EXERCISE: Copy the data that follows exactly. Include no pictures.

DATA:
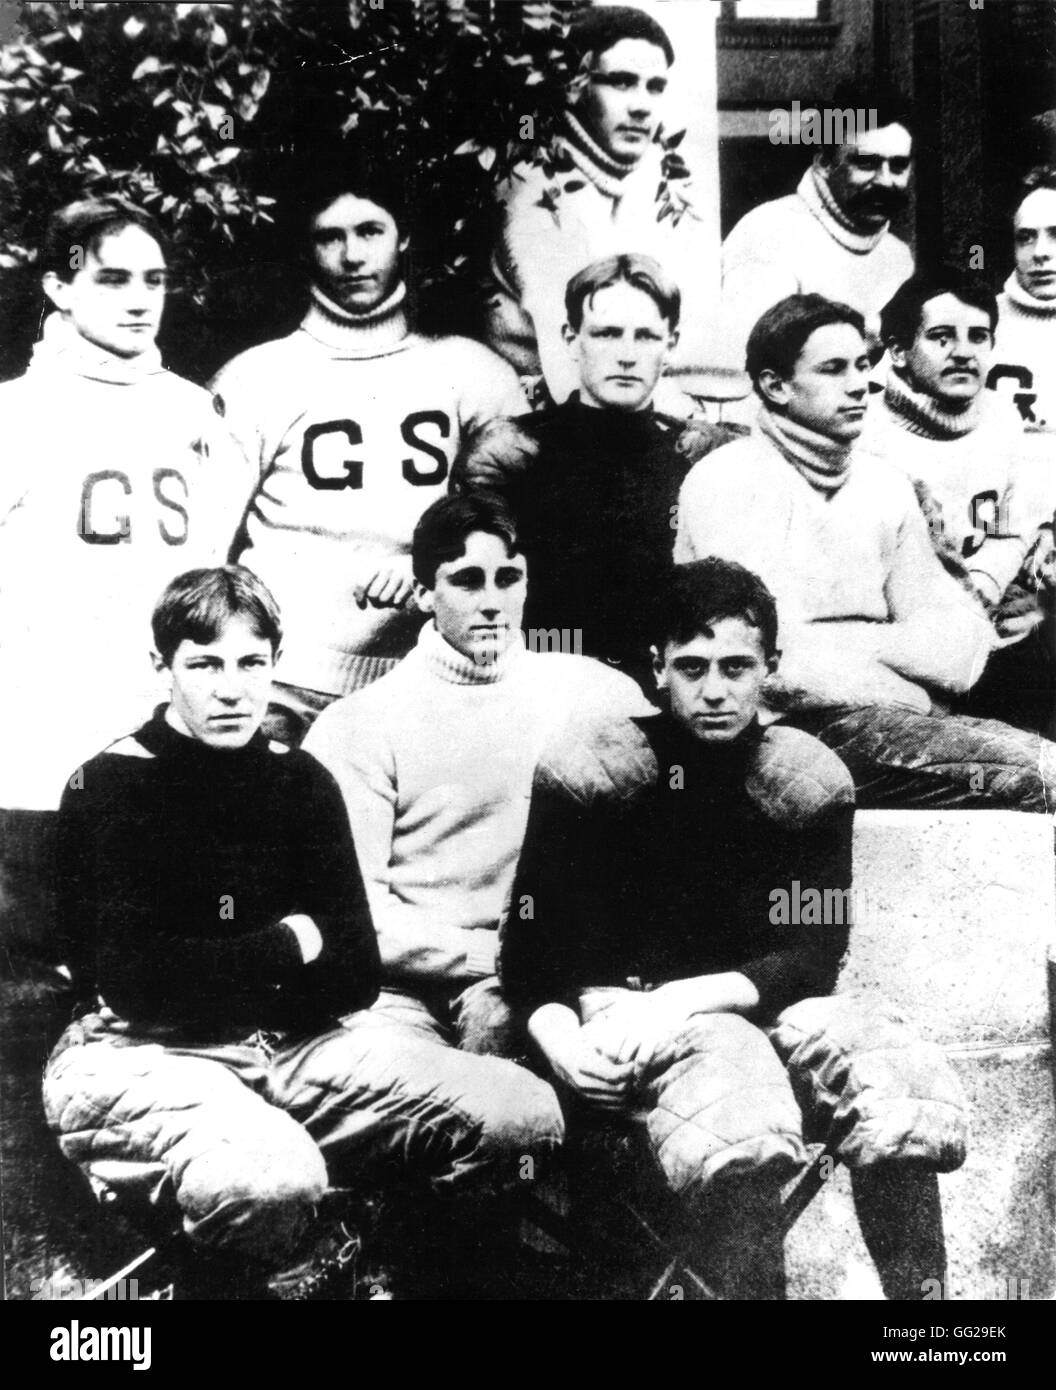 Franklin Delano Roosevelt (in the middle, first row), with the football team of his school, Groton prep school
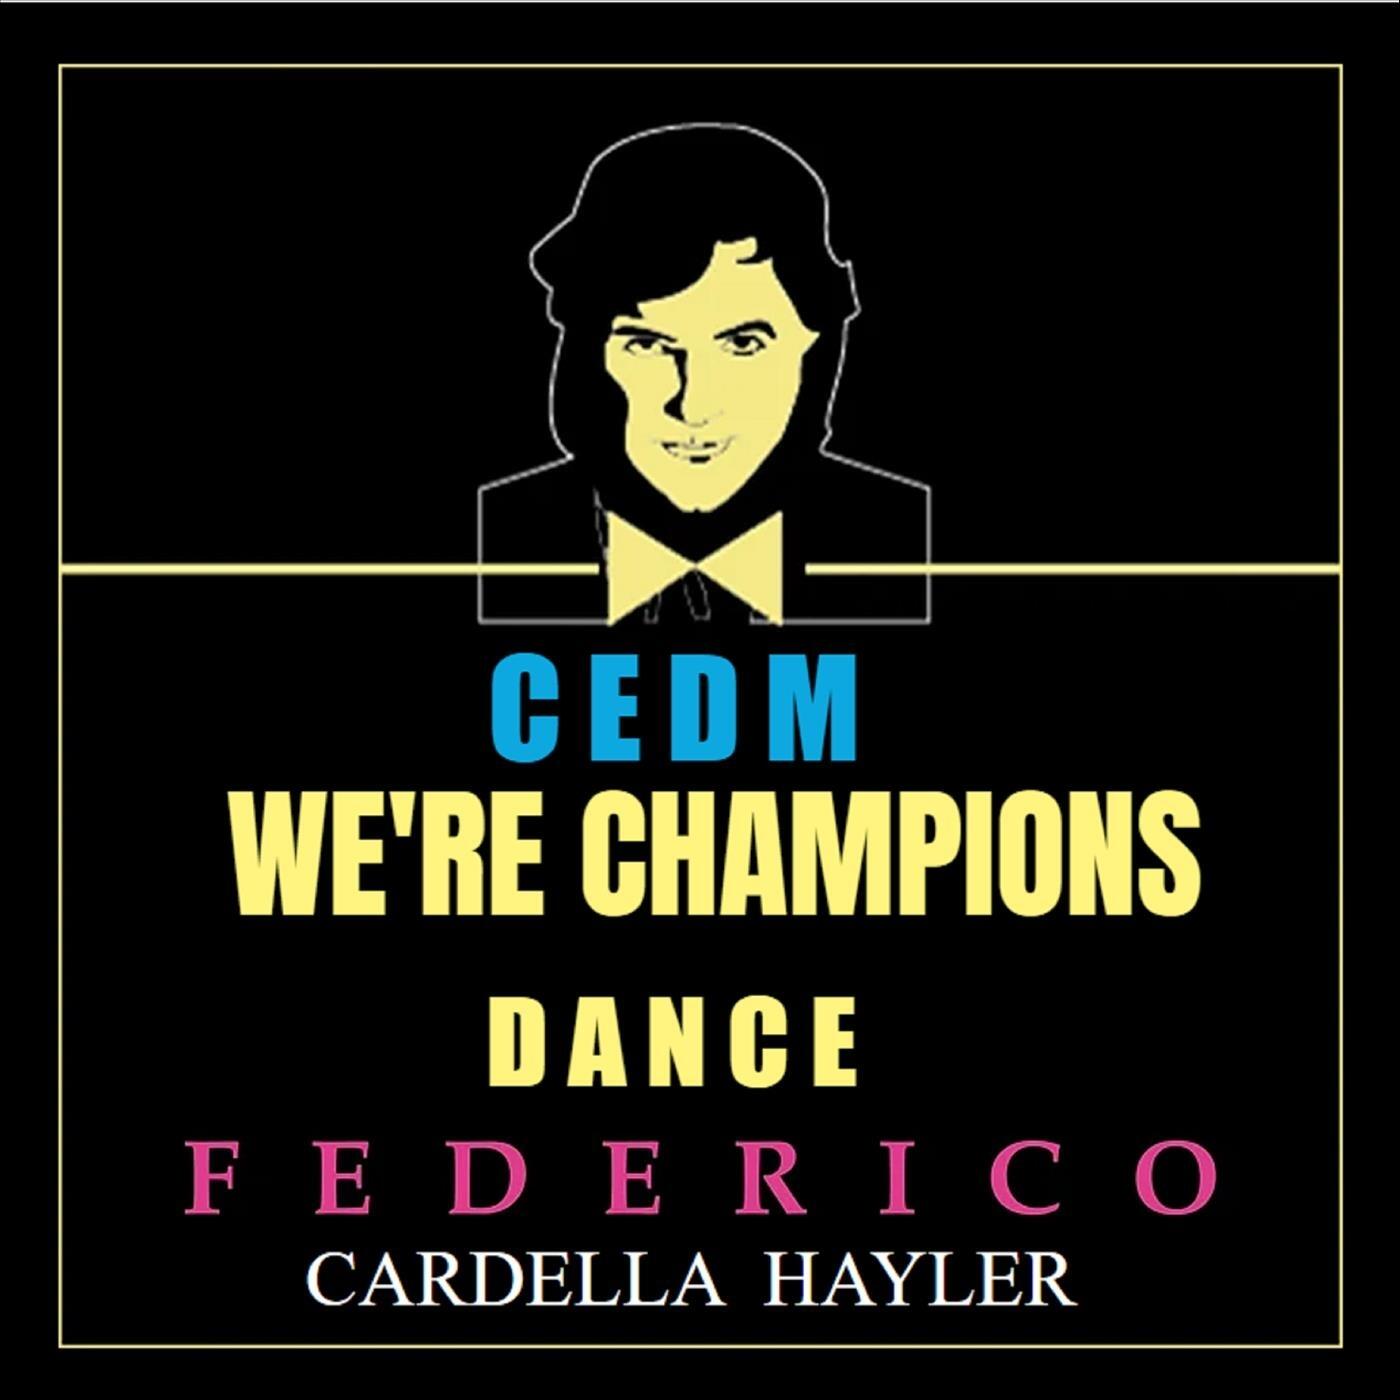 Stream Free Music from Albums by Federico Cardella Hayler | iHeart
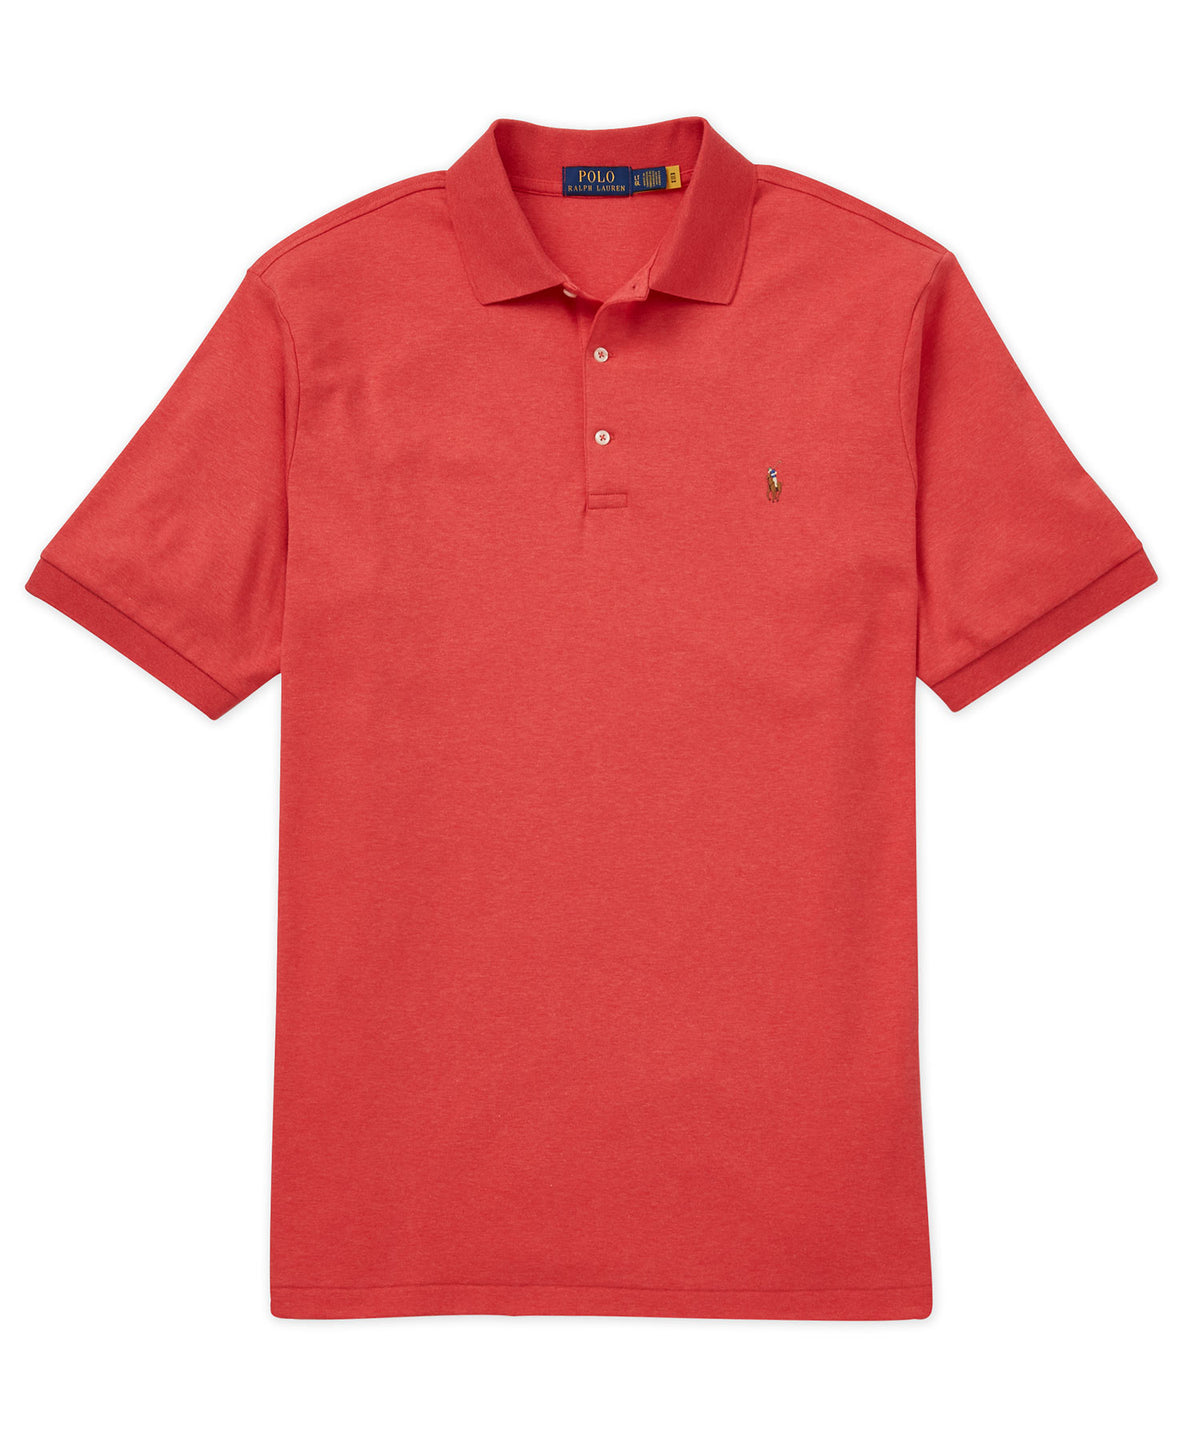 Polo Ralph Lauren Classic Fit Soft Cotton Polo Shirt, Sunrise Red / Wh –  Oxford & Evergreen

RESULT OF THE TASK:
 Franklin Delano Roosevelt (in the middle, first row), with the football team of his school, Groton prep school
 Stream Free Music from Albums by Federico Cardella Hayler | iHeart
 Polo Ralph Lauren Classic Fit Soft Cotton Polo Shirt, Sunrise Red / Wh –  Oxford & Evergreen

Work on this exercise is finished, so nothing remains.